I was awarded with a rare view of a large pod of beluga whales, with some seals, chasing silver salmon along the shoreline. It is only the second time I have seen belugas while living in Alaska&#8230;.and .along with more than a few tourist buses sat and watched these chubby little whales for nearly an hour. Despite my best efforts it was difficult just to get a few pictures of their backs&#8230;..and a short video of some:





















After this "worth the entire weekend" experience I continued my drive down the Kenai Peninsula controlling my rising "gotta get a line in the water" urges and drove past Quartz Creek down to a nice spot on the Kenai River. But after an hour there and only 1 dolly I hopped back to Quartz for some serious dolly chasing&#8230;..enjoying the scenery:










Didn't actually get in the water there until about 1 p.m. due to an extremely arduous hike into this out of the way spot (had to walk close to 60 feet from where I parked the truck to get to the river&#8230;..very strenuous)&#8230;..it was much lower than 2 weeks ago and there were dollies everywhere around the spawning sockeye. Only had to change one bead color before it was fish on:










This was followed by several fish over the next couple of hours&#8230;nothing spectacular but nice solid dolly action&#8230;.most fish were in the 17 to 21 inch range&#8230;.a few smaller ones and a few bigger ones (the largest topped out at 24 inches):




























The reds were just getting into the egg laying stage and most of the dollies were parked right up behind any spawning sockeye&#8230;..which were just about everywhere:



















About 2 or so hours into this fishing extravaganza the dollies just went on an extreme feeding binge and I was catching one every 3 or 4 casts for the next 2 hours. This is not exactly a top secret spot as it is just off the main highway and right next to a campground&#8230;.but still fabulous fishing.

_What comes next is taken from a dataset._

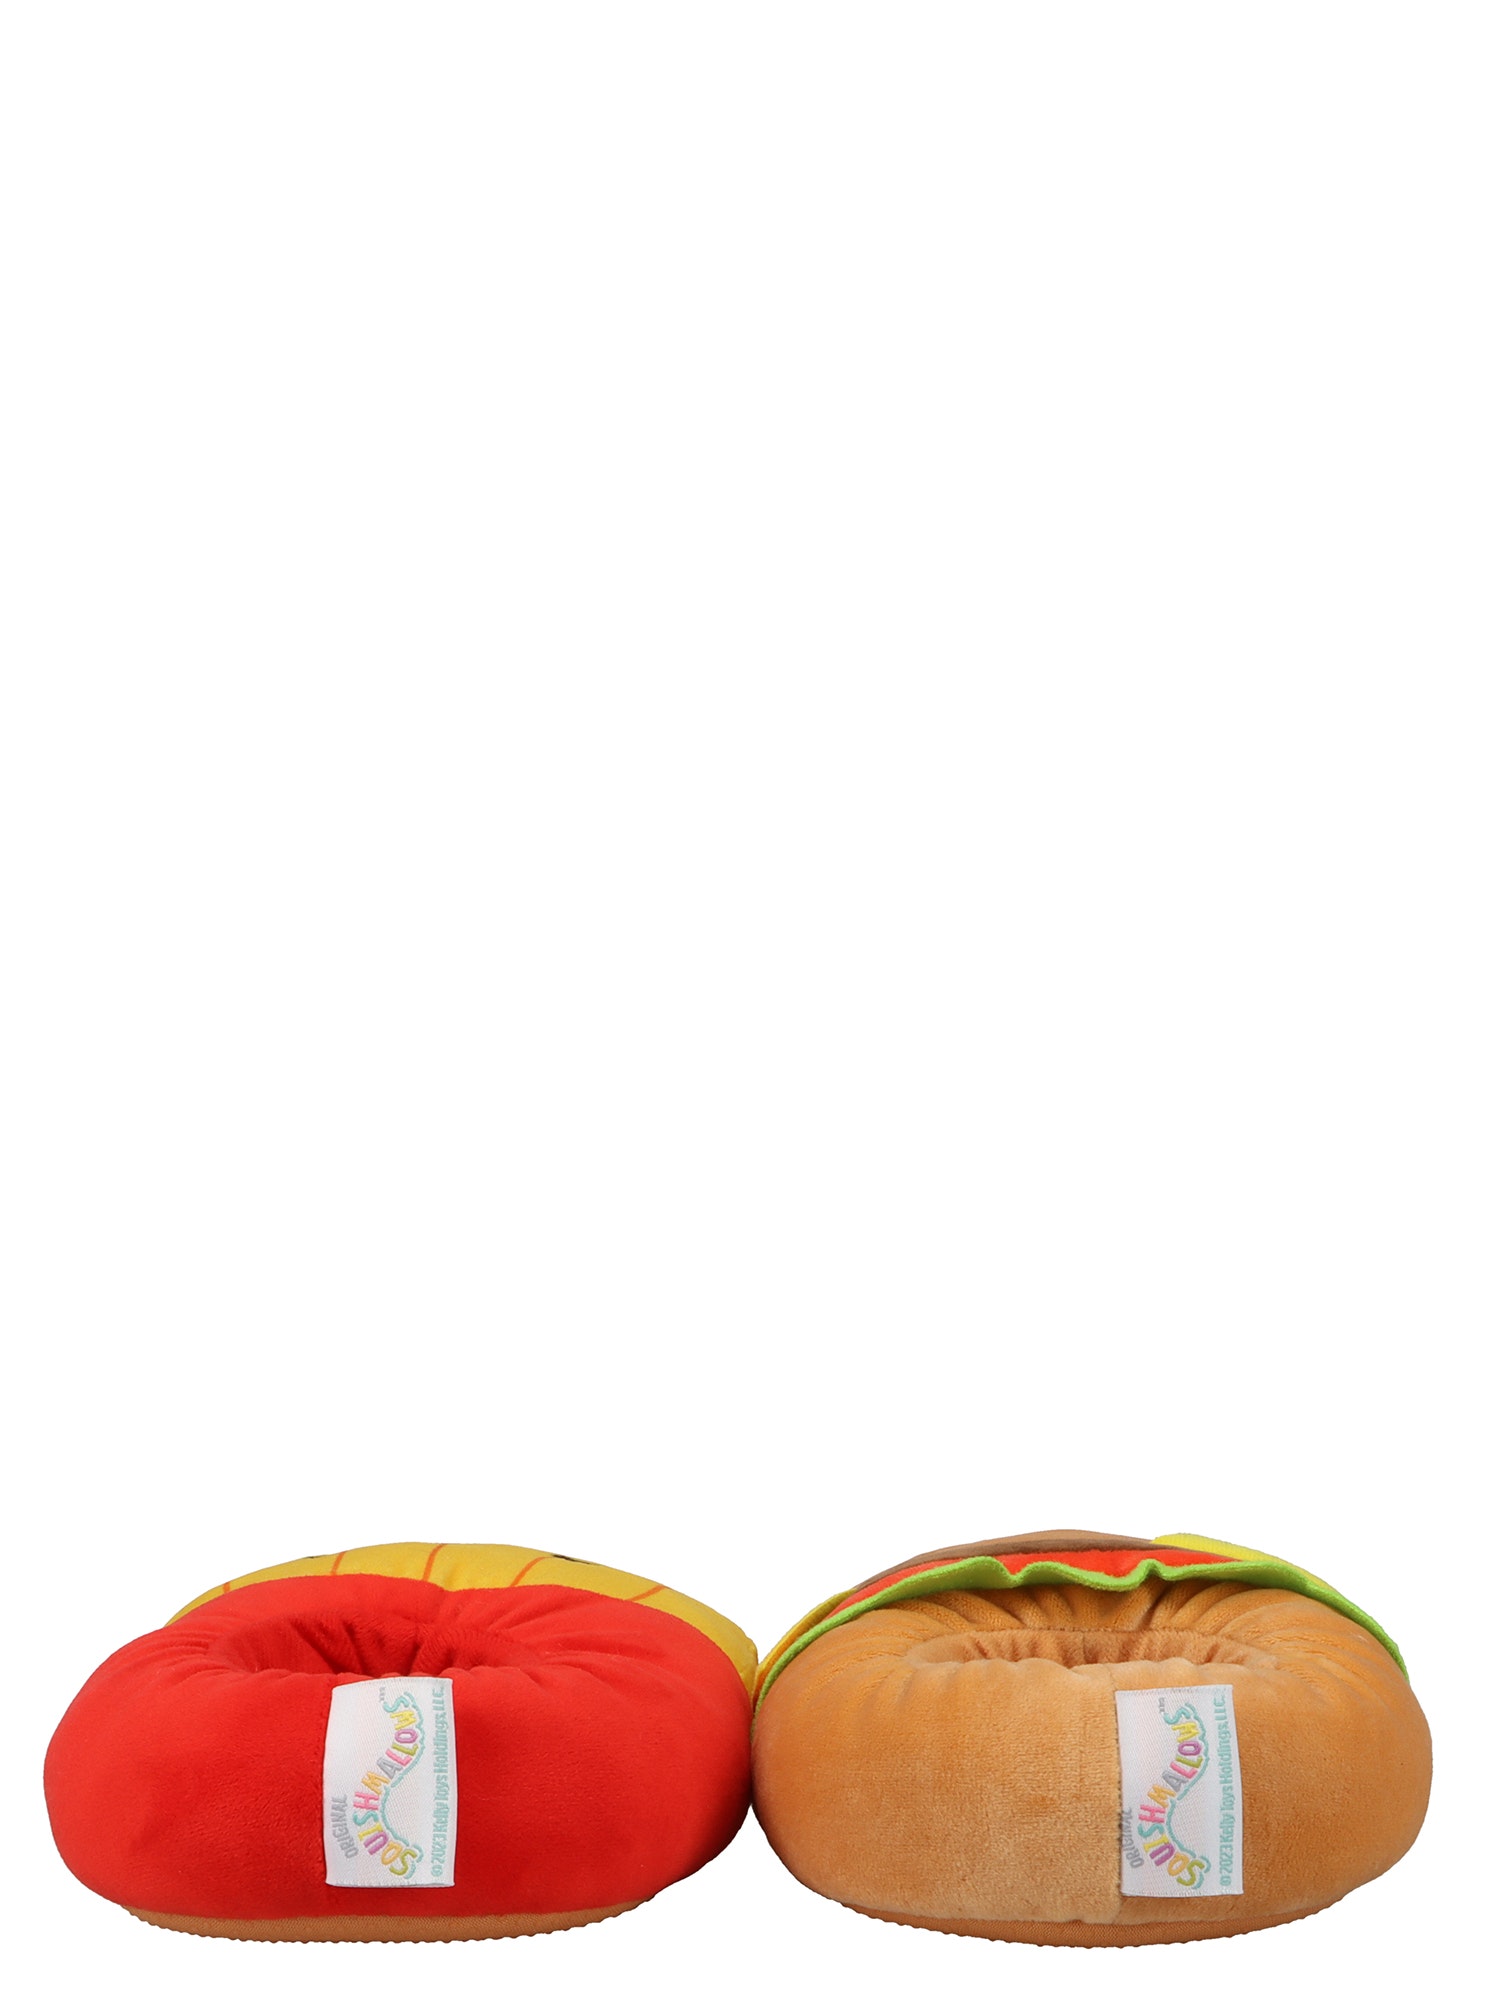 Squishmallows Kids Cheeseburger & Fries Mix Match Slippers - image 4 of 6

At one point it almost got silly with 6 dollies in a row. During this time there was a very elderly gentleman fishing a bit above me&#8230;..probably in his late 70's and having a difficult time wading with a walking stick. I started chatting with him as he commented about me having the fish "dialed in"&#8230;..it was his first trip to this area and he didn't quite have the right terminal gear but he really knew how to fly fish. After a few more minutes I pulled out my bead box and offered him a half a dozen of the hand painted beads which were working for me and a little information on how to "peg" the bead properly on his leader. He was extremely gracious and started to quickly pick up several dollies of his own&#8230;.I always find taking the time adds tremendously to the entire fishing experience.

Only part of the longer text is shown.